[Start of section]
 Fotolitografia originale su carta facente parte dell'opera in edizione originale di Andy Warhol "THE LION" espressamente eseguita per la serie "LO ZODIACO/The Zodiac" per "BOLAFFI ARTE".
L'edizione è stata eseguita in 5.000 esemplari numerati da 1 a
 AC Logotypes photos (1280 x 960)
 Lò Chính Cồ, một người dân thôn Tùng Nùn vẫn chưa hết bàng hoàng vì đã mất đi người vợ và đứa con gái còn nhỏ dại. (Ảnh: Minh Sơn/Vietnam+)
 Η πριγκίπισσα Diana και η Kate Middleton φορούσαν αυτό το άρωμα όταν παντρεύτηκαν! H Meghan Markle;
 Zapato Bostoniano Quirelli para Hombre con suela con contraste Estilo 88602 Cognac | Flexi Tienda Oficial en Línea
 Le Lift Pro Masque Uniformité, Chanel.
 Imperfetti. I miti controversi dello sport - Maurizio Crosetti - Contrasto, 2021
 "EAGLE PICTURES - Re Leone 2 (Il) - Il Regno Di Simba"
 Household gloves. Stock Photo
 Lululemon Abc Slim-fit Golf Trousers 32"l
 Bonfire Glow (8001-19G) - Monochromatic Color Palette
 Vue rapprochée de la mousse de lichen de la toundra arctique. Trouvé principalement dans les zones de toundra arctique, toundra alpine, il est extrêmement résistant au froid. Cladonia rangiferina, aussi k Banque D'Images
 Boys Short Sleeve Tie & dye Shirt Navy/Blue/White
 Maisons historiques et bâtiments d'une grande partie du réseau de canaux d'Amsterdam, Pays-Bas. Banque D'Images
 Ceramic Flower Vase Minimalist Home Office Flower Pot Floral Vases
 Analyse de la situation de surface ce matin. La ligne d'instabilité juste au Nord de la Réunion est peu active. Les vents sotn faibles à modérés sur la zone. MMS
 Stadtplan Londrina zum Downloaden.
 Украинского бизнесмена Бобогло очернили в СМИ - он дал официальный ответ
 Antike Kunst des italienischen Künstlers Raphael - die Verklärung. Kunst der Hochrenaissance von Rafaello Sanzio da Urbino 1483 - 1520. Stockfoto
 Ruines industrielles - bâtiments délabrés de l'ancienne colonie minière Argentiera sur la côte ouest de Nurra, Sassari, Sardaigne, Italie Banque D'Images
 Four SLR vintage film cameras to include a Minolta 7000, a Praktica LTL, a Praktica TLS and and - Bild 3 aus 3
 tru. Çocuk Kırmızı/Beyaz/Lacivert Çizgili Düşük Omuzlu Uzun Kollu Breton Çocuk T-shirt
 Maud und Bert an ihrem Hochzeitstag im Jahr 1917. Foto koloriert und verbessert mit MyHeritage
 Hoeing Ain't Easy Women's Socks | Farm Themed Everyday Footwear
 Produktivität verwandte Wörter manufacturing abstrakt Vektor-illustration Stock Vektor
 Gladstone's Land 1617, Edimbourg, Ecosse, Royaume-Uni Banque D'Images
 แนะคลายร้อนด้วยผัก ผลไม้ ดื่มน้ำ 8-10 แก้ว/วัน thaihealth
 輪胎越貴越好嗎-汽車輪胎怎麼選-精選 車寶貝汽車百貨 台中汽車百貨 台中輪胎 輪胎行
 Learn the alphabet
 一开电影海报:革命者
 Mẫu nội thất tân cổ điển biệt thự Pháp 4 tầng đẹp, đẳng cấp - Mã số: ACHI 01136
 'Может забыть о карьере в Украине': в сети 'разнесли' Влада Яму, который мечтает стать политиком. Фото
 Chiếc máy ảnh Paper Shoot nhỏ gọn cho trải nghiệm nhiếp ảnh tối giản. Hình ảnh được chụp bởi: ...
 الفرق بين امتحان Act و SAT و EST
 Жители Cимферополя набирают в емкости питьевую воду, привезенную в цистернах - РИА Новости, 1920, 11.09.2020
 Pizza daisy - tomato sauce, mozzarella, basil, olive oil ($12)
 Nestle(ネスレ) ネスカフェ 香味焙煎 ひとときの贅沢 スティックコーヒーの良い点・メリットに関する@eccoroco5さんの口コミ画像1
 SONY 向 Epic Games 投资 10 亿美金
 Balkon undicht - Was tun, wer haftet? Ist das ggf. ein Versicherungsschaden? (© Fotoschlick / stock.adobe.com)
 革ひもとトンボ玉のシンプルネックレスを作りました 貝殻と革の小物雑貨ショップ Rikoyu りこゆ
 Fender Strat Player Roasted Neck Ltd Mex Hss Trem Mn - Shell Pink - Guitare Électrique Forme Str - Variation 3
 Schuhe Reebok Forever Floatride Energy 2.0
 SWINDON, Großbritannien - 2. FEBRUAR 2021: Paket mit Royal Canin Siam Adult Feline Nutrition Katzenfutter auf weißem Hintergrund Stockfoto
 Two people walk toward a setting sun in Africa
[End of section]
Task directions:
The required output is the stretch of entries above from the line containing "Learn the alphabet" through the line containing "Жители Cимферополя набирают", reproduced exactly.

Reply:
 Learn the alphabet
 一开电影海报:革命者
 Mẫu nội thất tân cổ điển biệt thự Pháp 4 tầng đẹp, đẳng cấp - Mã số: ACHI 01136
 'Может забыть о карьере в Украине': в сети 'разнесли' Влада Яму, который мечтает стать политиком. Фото
 Chiếc máy ảnh Paper Shoot nhỏ gọn cho trải nghiệm nhiếp ảnh tối giản. Hình ảnh được chụp bởi: ...
 الفرق بين امتحان Act و SAT و EST
 Жители Cимферополя набирают в емкости питьевую воду, привезенную в цистернах - РИА Новости, 1920, 11.09.2020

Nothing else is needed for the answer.